In this case, you can almost always remediate the issue by switching to something like gyroid or cubic infill.
However, you could be getting weak infill because:
- You’re printing too fast
- You’re printing too hot
- The infill pattern doesn’t provide support for this model. E.g., if you use “lines” you have missing patches of support through the whole model, which can be weak if the model specifically puts stress on those points.
- Infill settings are wrong
- Filament is low quality
- Infill is oriented in the wrong direction
- Filament diameter is set wrong
This means you’ll have to troubleshoot the issue to figure out what has actually gone wrong.
Frequently Asked Questions
If you still have questions about your infill, these answers should help.
Which infill pattern is best for 3D printing?
There is no most efficient infill pattern. However, gyroid and cubic offer a lot of value and are two of the best all-around infill options.
You may also want different infill options depending on what you’re printing. For example, concentric rings, if you’re printing something that should be flexible.
If you start out with something like gyroid and use it as a base and then adapt based on your model, you’ll usually have a good starting point.
Is gyroid the strongest infill pattern?
Gyroid and cubic infill patterns have very similar strengths. However, gyroid provides better strength from all directions, which will be noticeable on a rounded or spherical model.

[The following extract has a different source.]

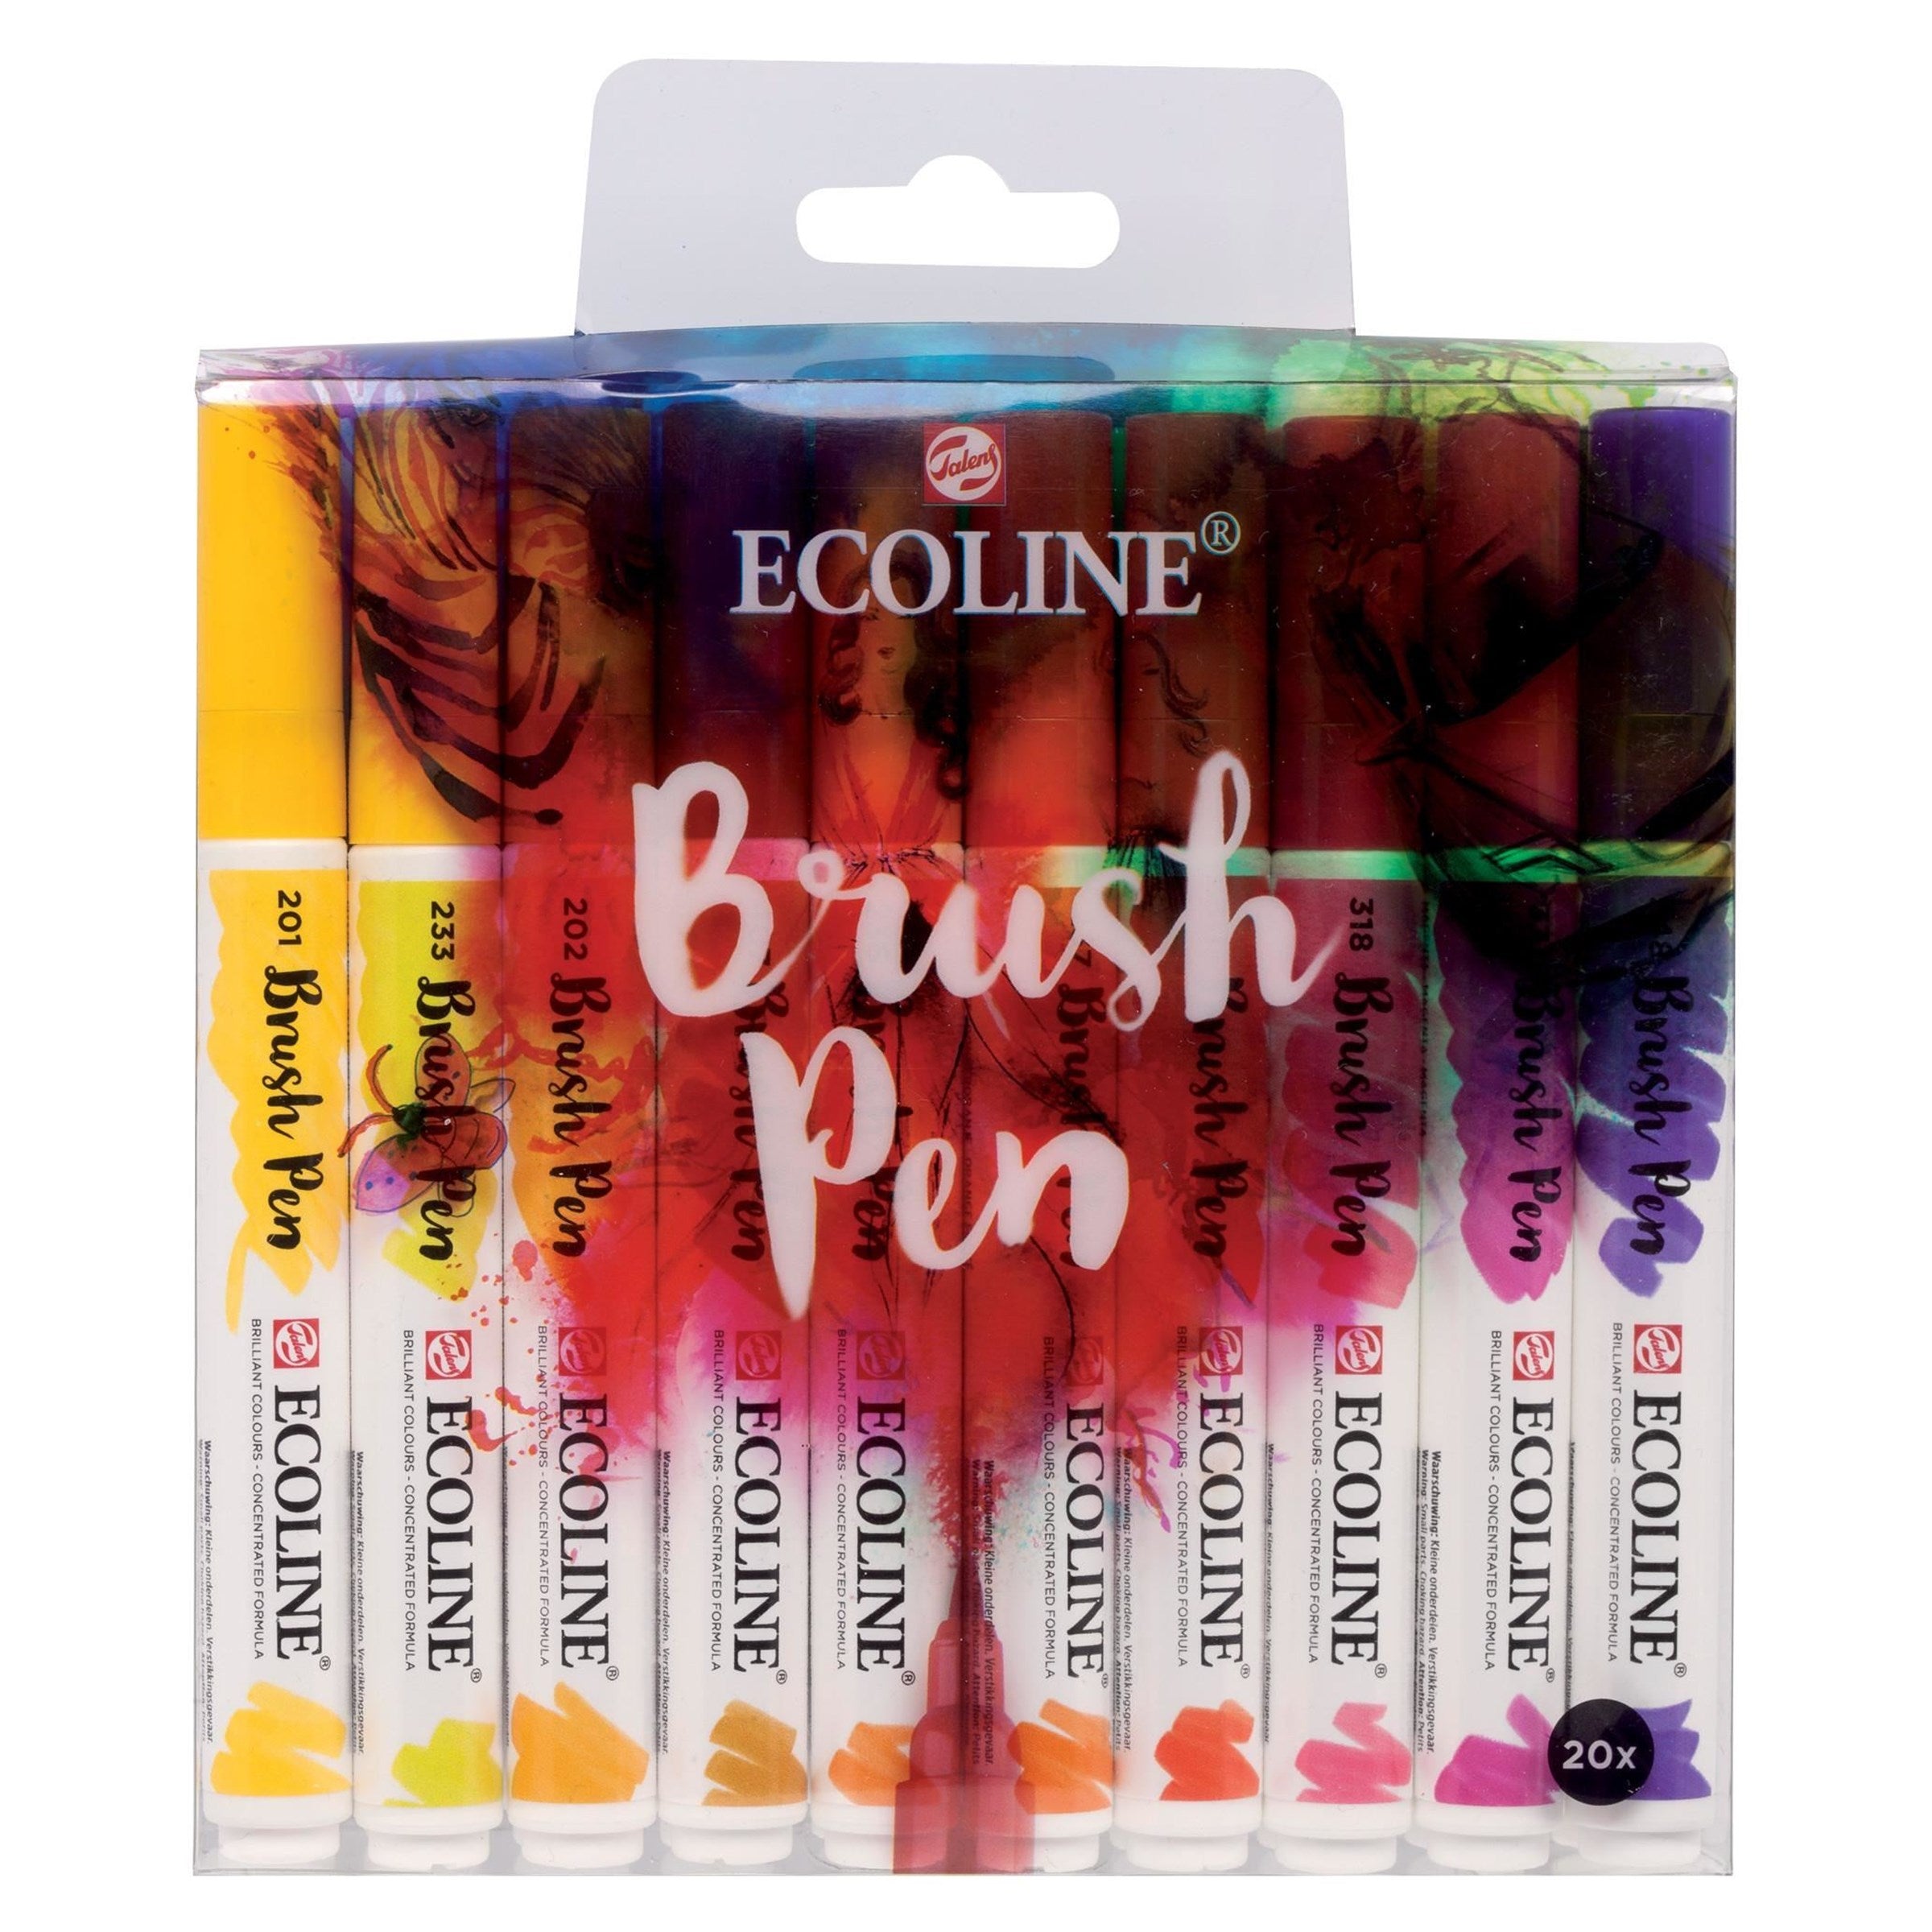 Ecoline Brush Pen set | 20 colours

Cubic uses squares, which means you may have small weaker spots – although it’s very unlikely that you’d ever notice.
Wrapping Up
Choosing the right infill pattern can greatly impact your model. However, many infill patterns are very comparable and there’s no best choice. Gyroid and cubic are two of the most popular. However, linear, zig-zag, rectilinear, triangles, and others all have their purposes. The best option is to experiment with what you’re designing and choose an infill that best supports the geometry of what you’re designing.